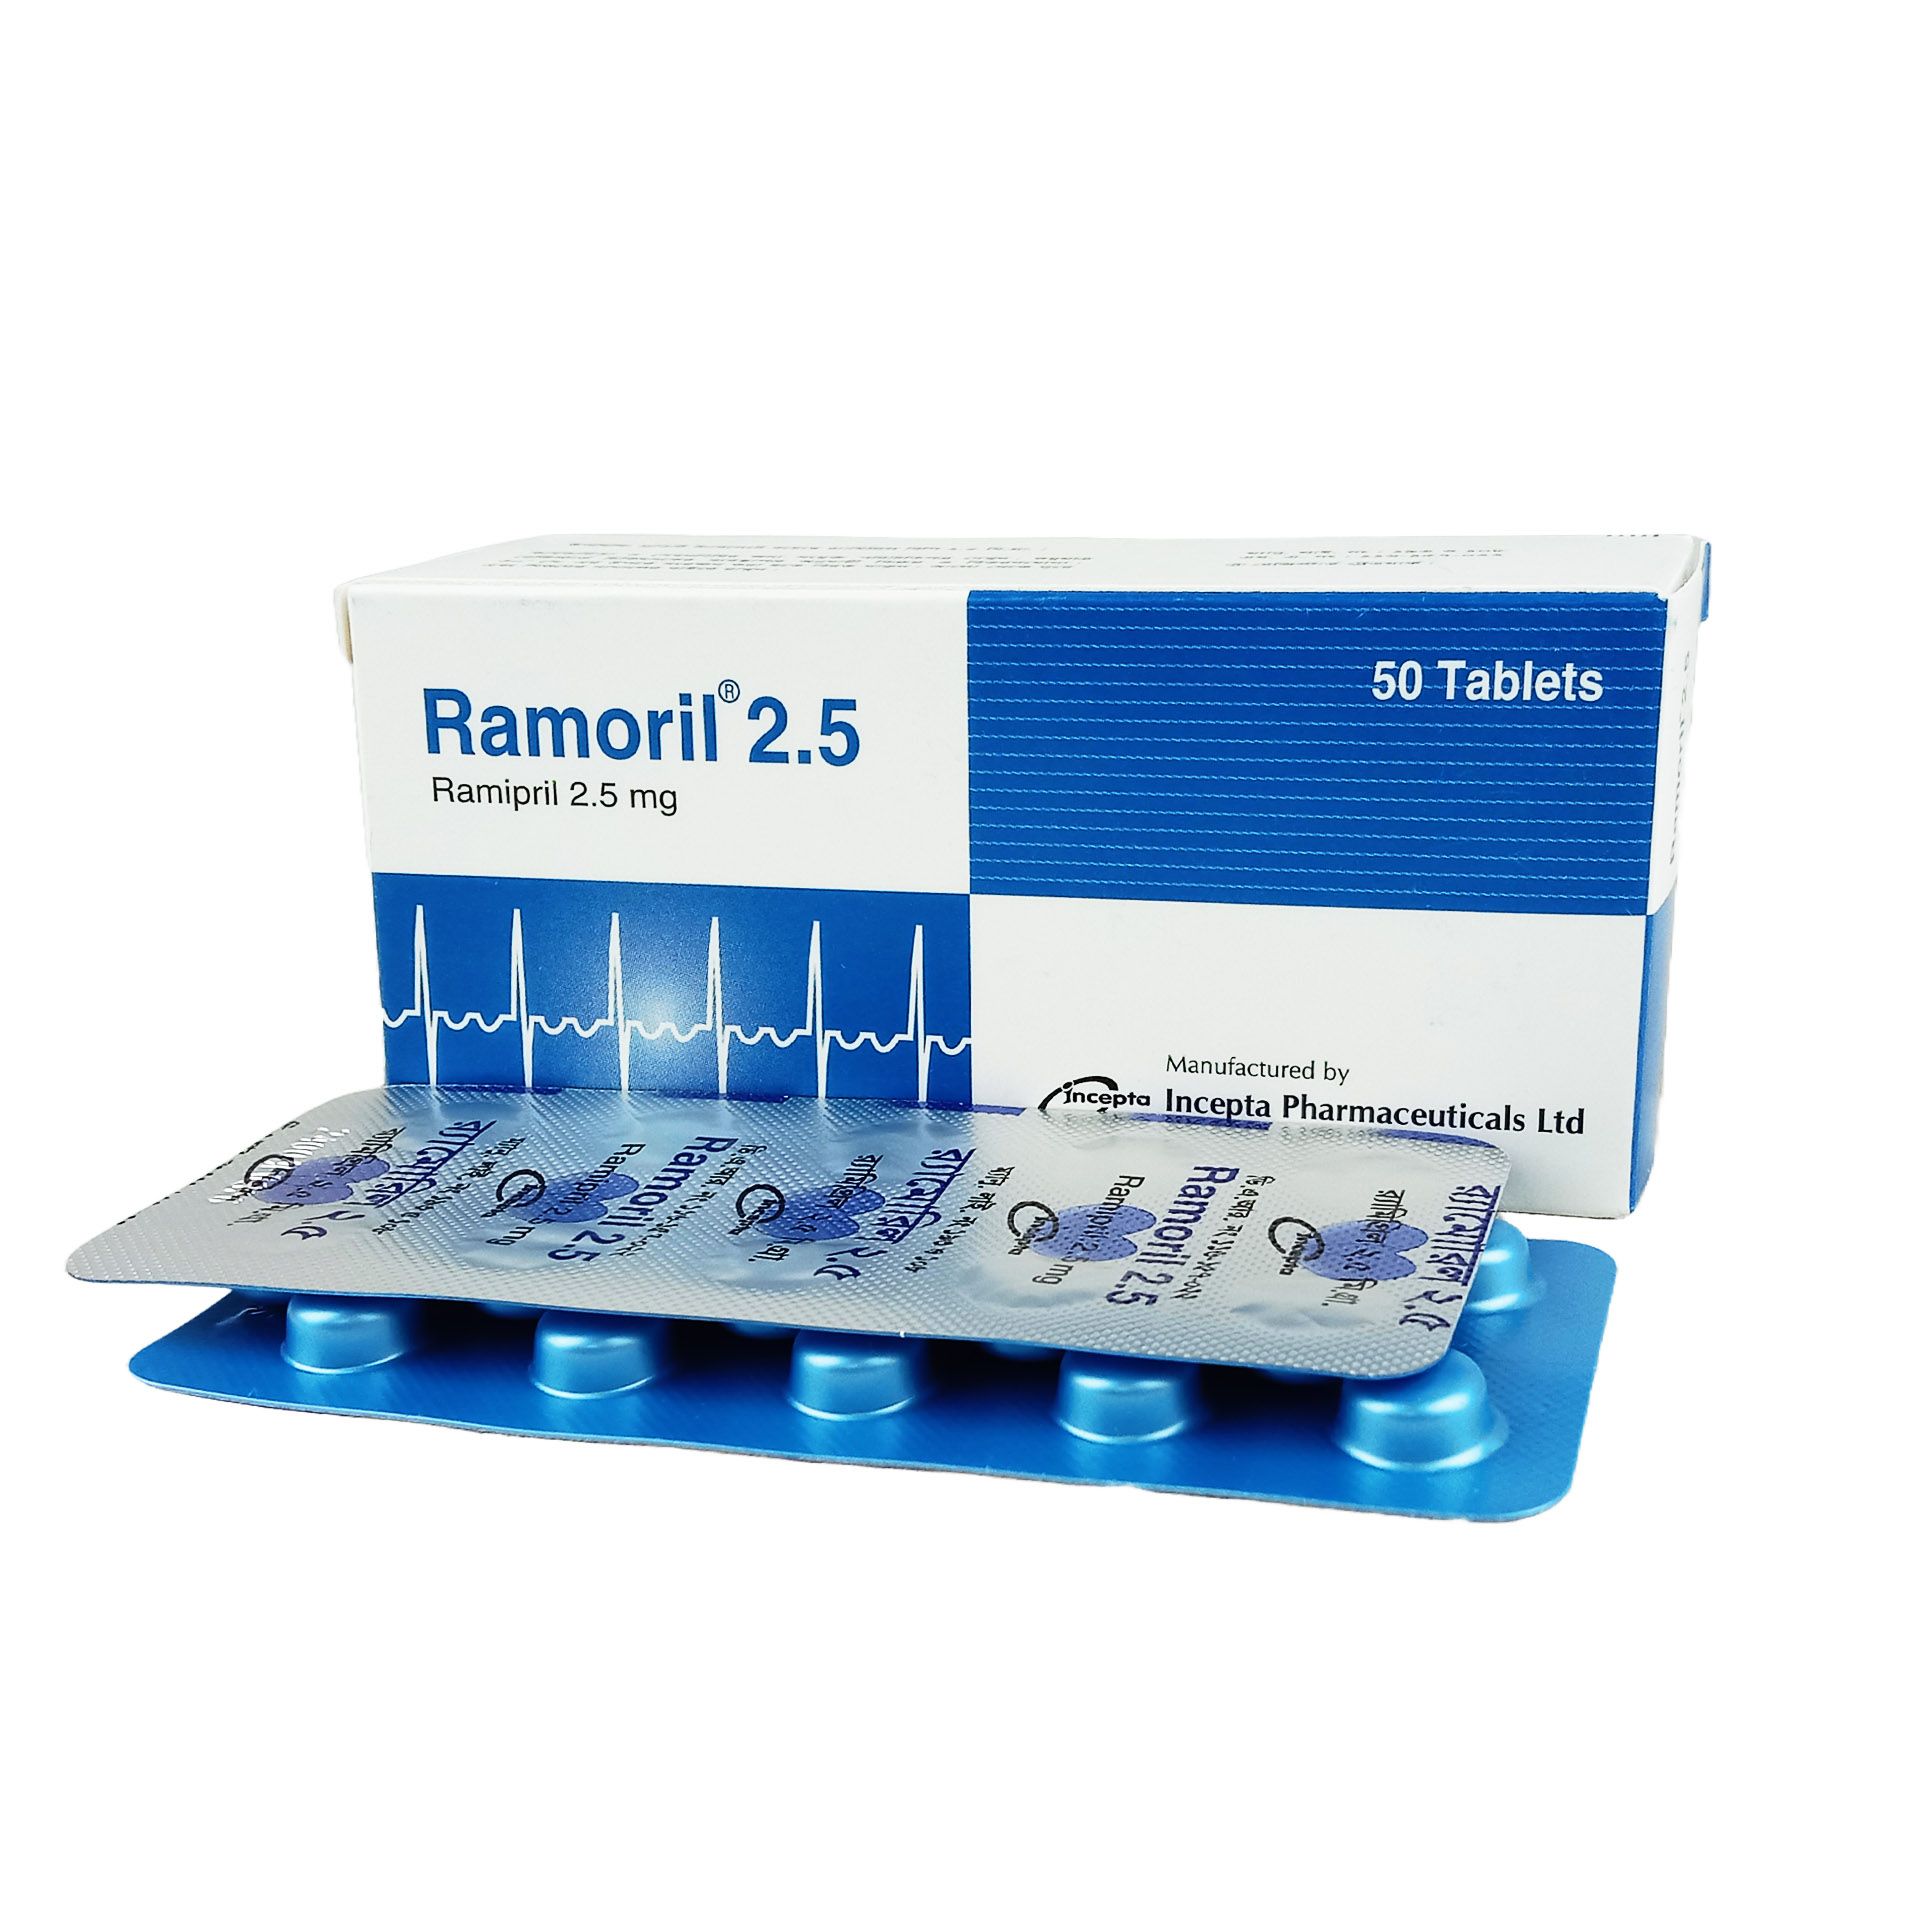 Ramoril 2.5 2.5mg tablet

==

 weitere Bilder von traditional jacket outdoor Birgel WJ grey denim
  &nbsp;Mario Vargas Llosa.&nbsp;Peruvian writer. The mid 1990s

What you are asked to do → Transcribe the records above exactly, beginning at the line that contains "weitere Bilder von" and ending with the line that contains "The mid 1990s", both included, and nothing else.

Response →
 weitere Bilder von traditional jacket outdoor Birgel WJ grey denim
  &nbsp;Mario Vargas Llosa.&nbsp;Peruvian writer. The mid 1990s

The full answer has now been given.